Preparation & Dosage
No clinically studied dosage ranges are available. Forms, standardization details, and safe dosing parameters have not been established in human research. Consult a healthcare provider before starting any new supplement.
Synergy & Pairings
Quercetin, chlorogenic acid, catechins, procyanidins, cisplatin (in vitro only)
Safety & Interactions
Phloretin has not been evaluated in formal human safety trials, and no established tolerable upper intake level or therapeutic dose range exists for supplemental use.
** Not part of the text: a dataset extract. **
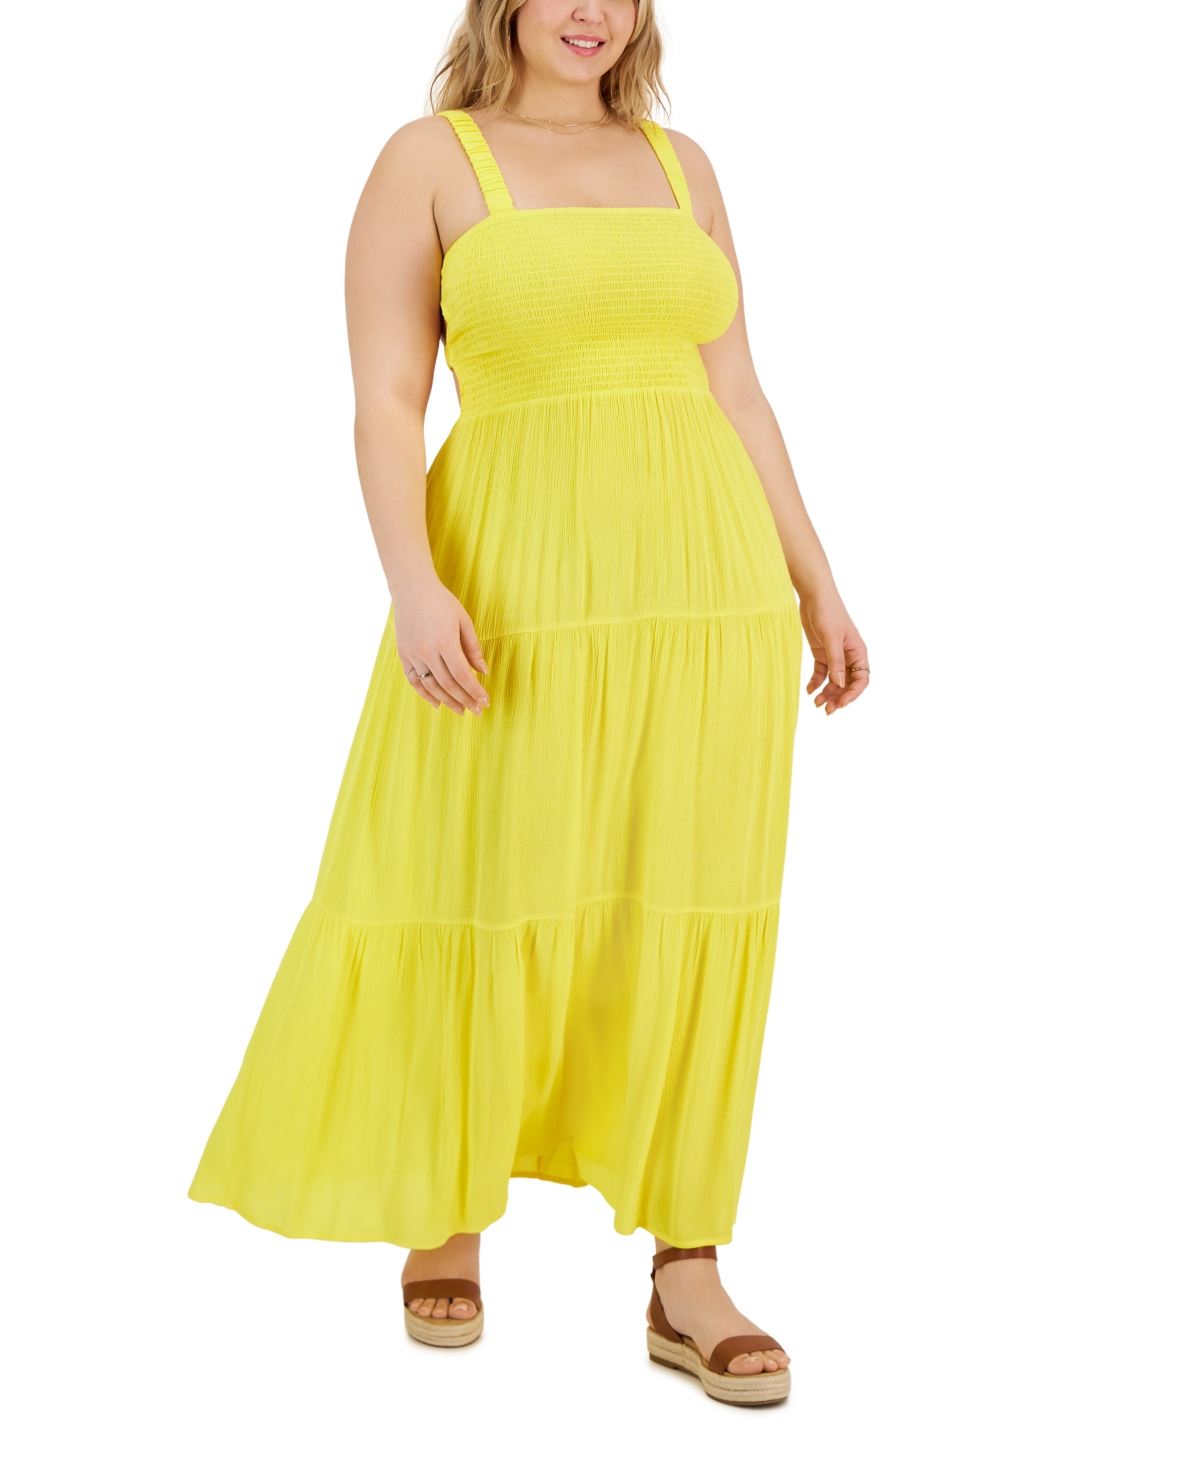 Full Circle Trends Trendy Plus Size Tiered Maxi Dress

Because phloretin inhibits GLUT2 glucose transporters, it may theoretically potentiate blood glucose-lowering effects of antidiabetic medications such as metformin or insulin, warranting caution in diabetic patients. Its potential to enhance cisplatin cytotoxicity suggests a possible interaction with chemotherapy agents, and use alongside oncology treatments should only occur under medical supervision. Safety during pregnancy and lactation is unknown due to absence of relevant human data, and supplemental use should be avoided in these populations.